Your instructions: Transcribe exactly, leaving out pictures, the lines from the one that holds "Юрий Никифоров День" through the end of the data below, including both end lines and no others.

Supplied data:
◇ ◇ ◇

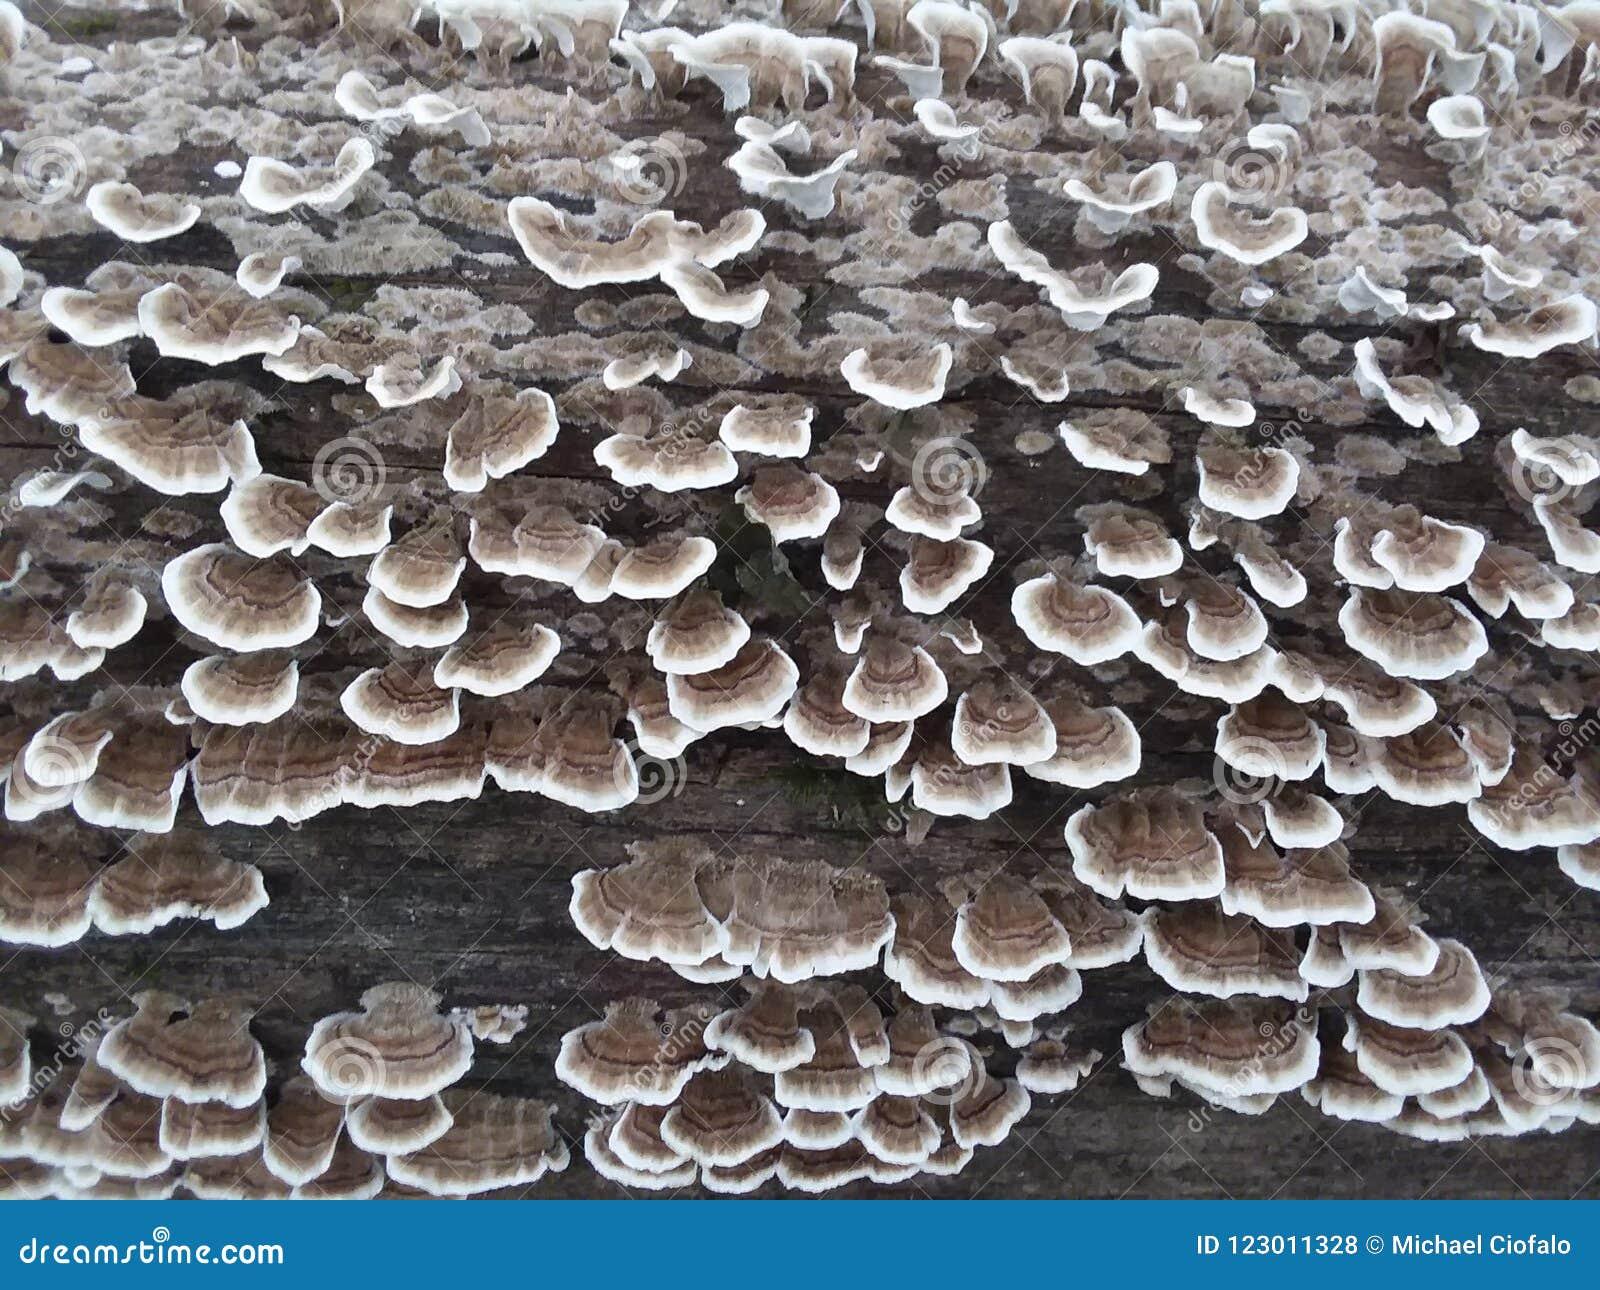 Flourishing fungus
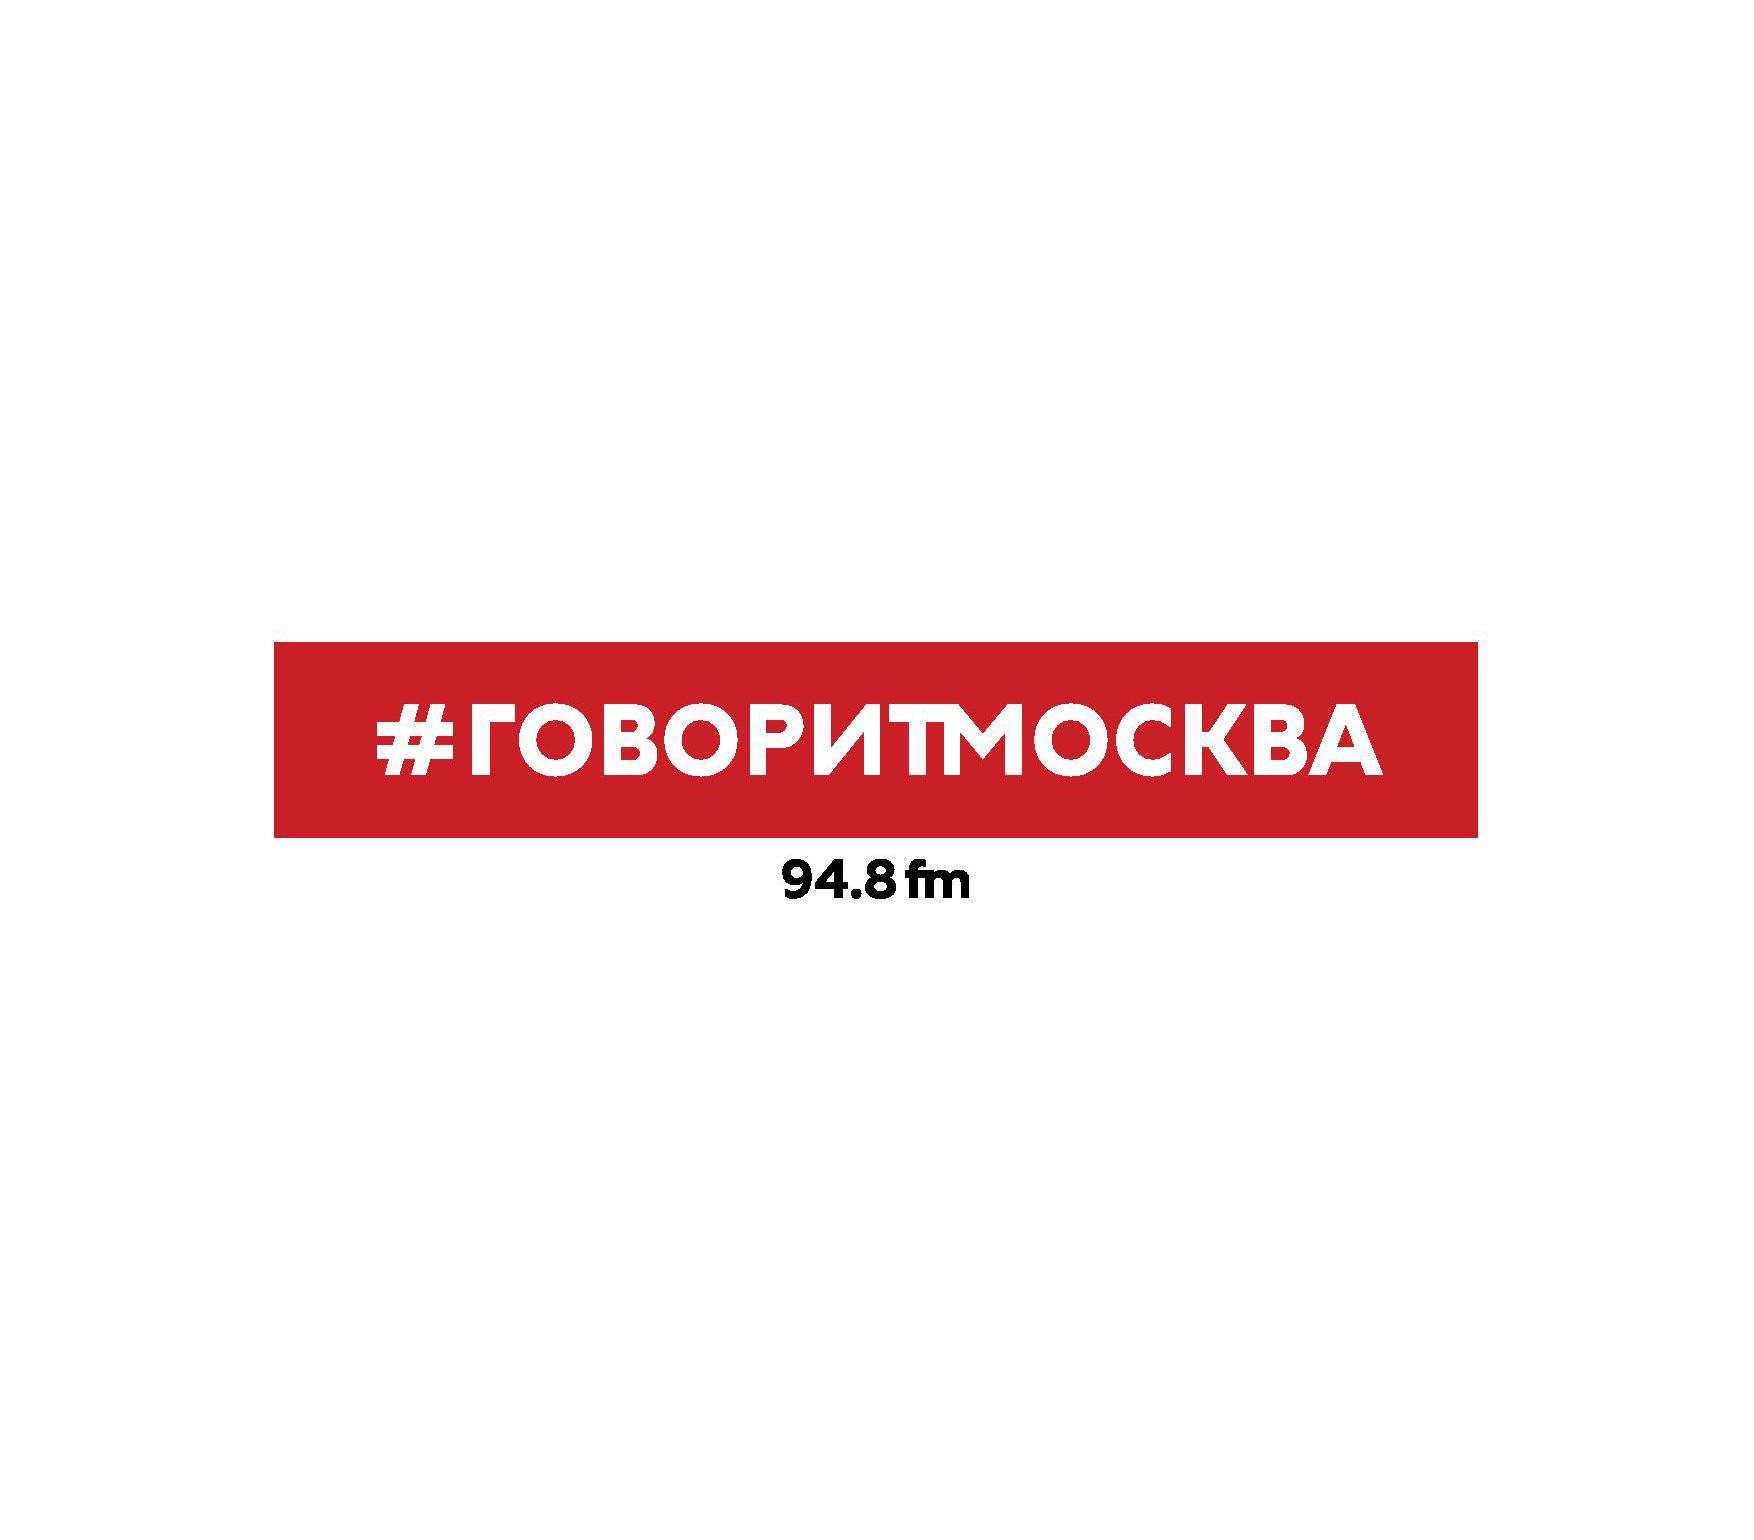 Юрий Никифоров День памяти жертв фашизма юрий силантьев памяти маэстро
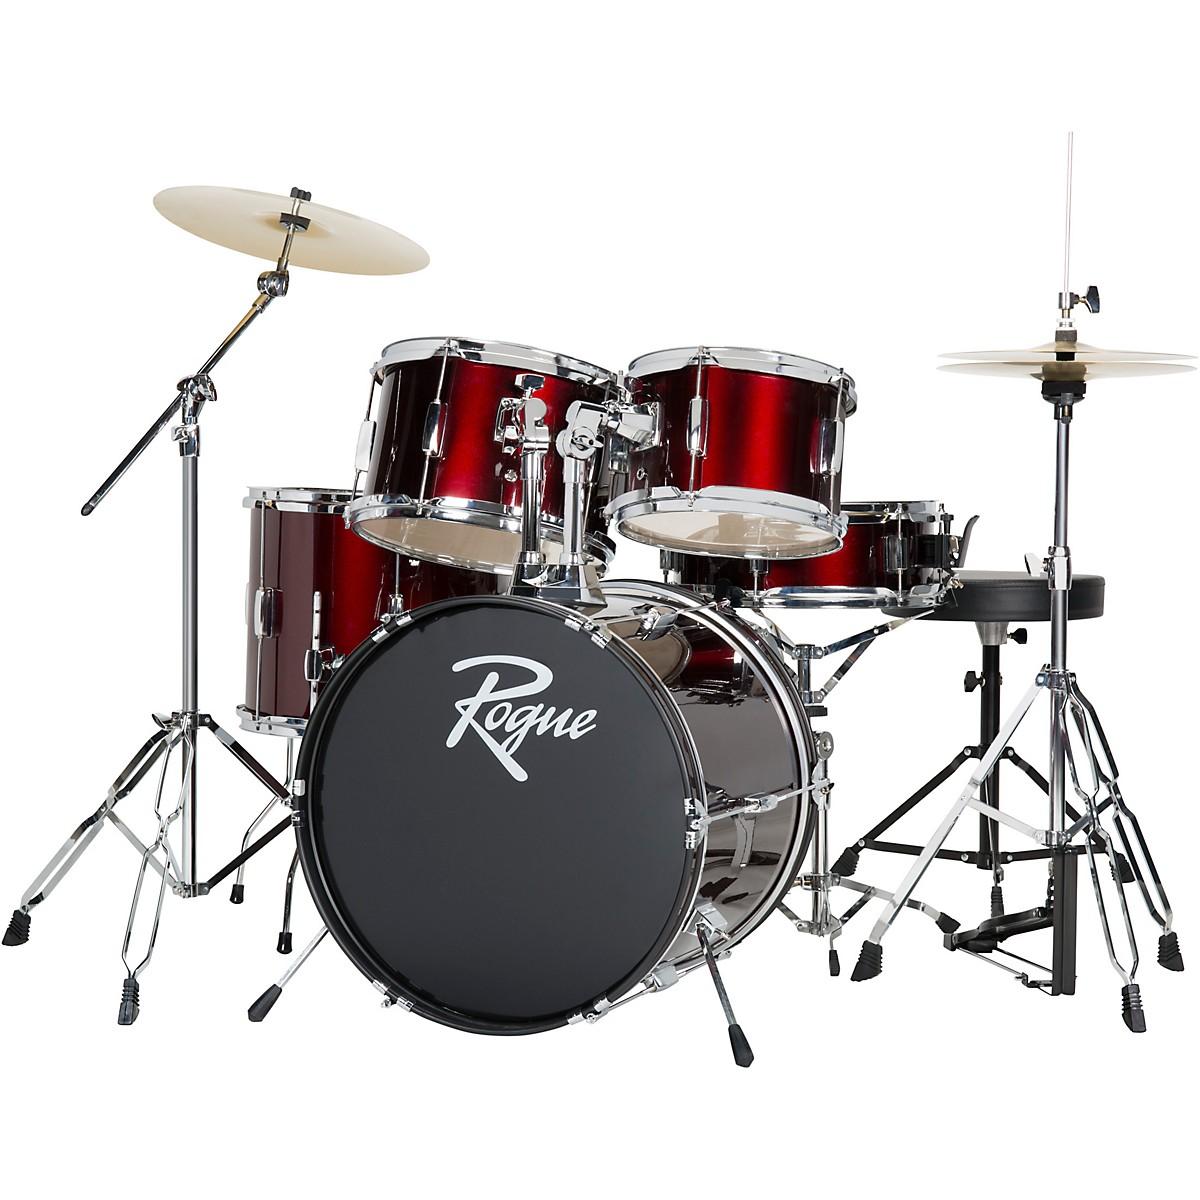 Rogue 5-Piece Complete Drum Set

◇ ◇ ◇

Reply:
 Юрий Никифоров День памяти жертв фашизма юрий силантьев памяти маэстро
 Rogue 5-Piece Complete Drum Set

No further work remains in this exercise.